Presentation software
There are a few very good reasons why you should abandon Microsoft products in general, and Powerpoint is a great example of a product that the *vast majority* of people use, even though it isn't that great.
What's wrong with powerpoint?
There are several challenges with working with powerpoint as presentation software, including:
Like almost everyone, I used powerpoint for years for every presentation I needed to do; I didn't even think about it. Everyone else used it, so I used it too. It is the default preentation software, but that doesn't mean it is the *gold standard* of presentation software. We all got used to Powerpoint's particular quirks, but these become a real impediment to efficient workflow for someone who does a *lot* of presentations, or where you want more control over workflow, efficiency, speed, etc.
The first major issue is that Powerpoint is not searchable. It is an opaque binary file format. Say I have inherited a class, and the previous lecturer has helpfully provided the slides the used last year: great! Maybe I want a different focus, different images, video, etc.
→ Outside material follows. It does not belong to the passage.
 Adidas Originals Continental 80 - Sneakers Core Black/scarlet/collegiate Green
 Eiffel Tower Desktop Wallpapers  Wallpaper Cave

But now I have weeks of presentations to search through, and try to edit. What if I know that a text block I need is somewhere in the International Relations research methodology class I taught last year, and quickly need to copy and edit it for a different use case? I would need to look one by one, manually opening Powerpoint and searching through each slide presentation until I found the text or image I wanted to use. That is a real pain. What if I wanted to copy the text in a presentation, and rework it as an explanatory document? I would need to copy/paste the text from every slide individually. There would be problems with headers and body, text boxes, images getting in the way. I would end up with a mess.
Powerpoint is Microsoft proprietary software. That means that however common Powerpoint application is, it is not truly portable. You cannot open and use it with another app; at some point backwards and forwards compatibility is not complete. An old style .ppt is different to a .pptx. At some point in the future .pptx will also be discontinued. When you use a proprietary file format you are chaining yourself, now and in the future, to that toolchain. Recently Microsoft made some important changes to the Office suite, including making the Microsoft365 the standard, and slowly depracating the offline, desktop version Office, which has been the standard since the 90's. The new Microsoft365 comes with Copilot, their LLM, inbuilt. Apart from introducing dependency and performance issues, many people do not want an inbuilt AI in their office suite software. There are security questions with an AI that is able to view your files and send telemetry to Microsoft servers, even if they say your work is safe. Should you take that risk if you are interviewing subjects who must remain confidential, or where there is some political or personal risk due to the nature of the research?